**EXERCISE BRIEF:**
Scan the entries below and return each line that contains "your".

**DATASET EXCERPTS:**

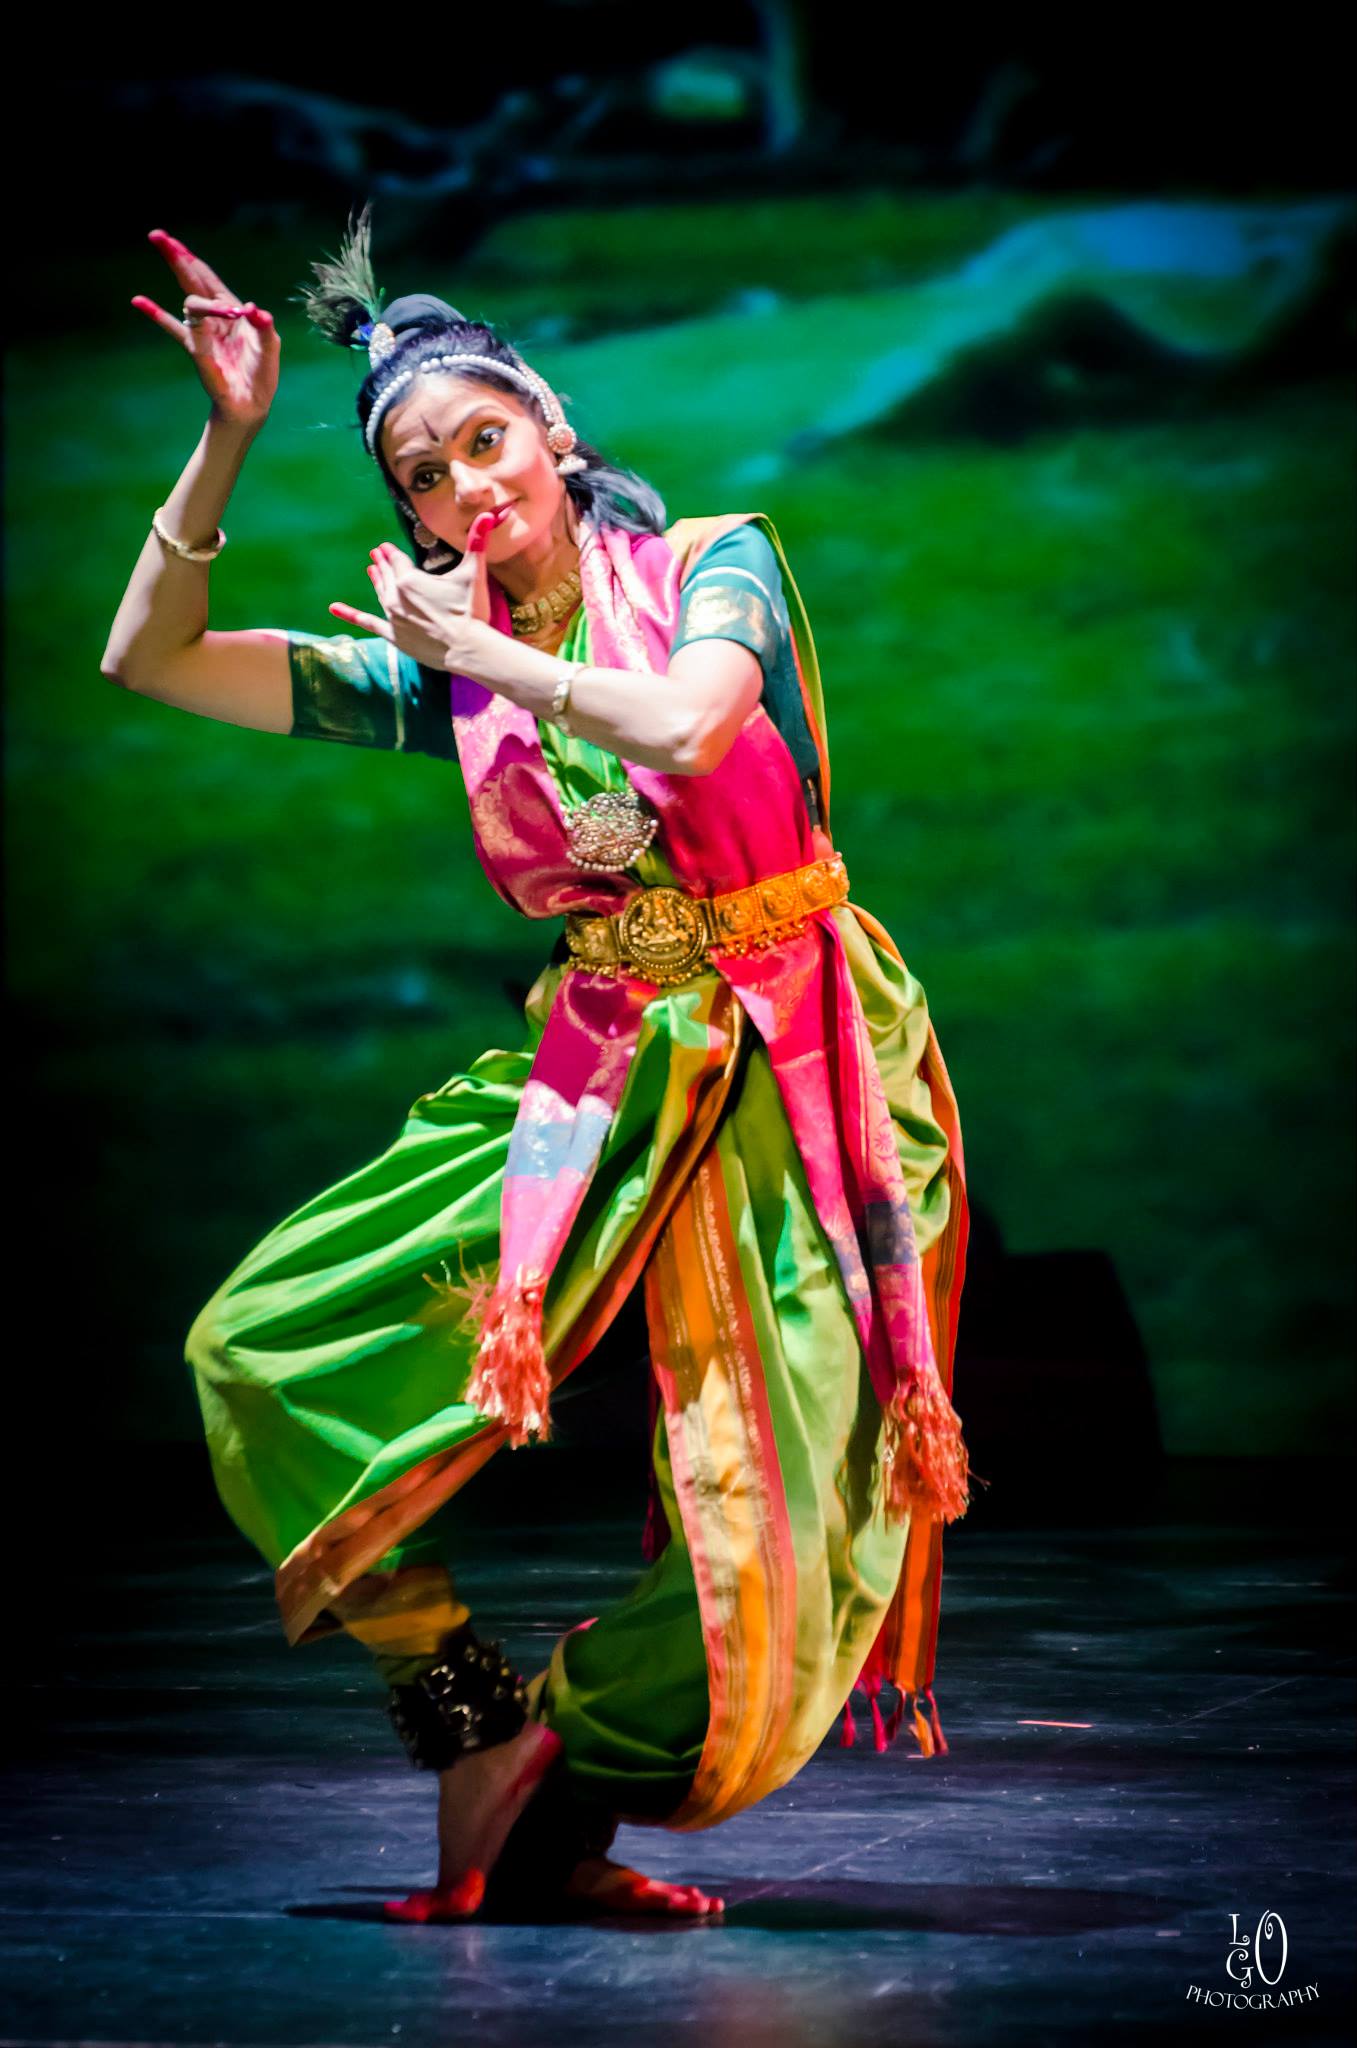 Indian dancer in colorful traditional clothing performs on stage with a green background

---

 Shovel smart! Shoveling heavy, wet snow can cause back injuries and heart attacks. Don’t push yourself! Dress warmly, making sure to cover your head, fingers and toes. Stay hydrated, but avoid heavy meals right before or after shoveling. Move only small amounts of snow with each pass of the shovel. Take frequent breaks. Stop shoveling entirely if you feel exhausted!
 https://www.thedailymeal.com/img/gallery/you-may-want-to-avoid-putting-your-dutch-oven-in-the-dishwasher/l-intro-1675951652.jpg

**EXERCISE RESULT:**
 Shovel smart! Shoveling heavy, wet snow can cause back injuries and heart attacks. Don’t push yourself! Dress warmly, making sure to cover your head, fingers and toes. Stay hydrated, but avoid heavy meals right before or after shoveling. Move only small amounts of snow with each pass of the shovel. Take frequent breaks. Stop shoveling entirely if you feel exhausted!
 https://www.thedailymeal.com/img/gallery/you-may-want-to-avoid-putting-your-dutch-oven-in-the-dishwasher/l-intro-1675951652.jpg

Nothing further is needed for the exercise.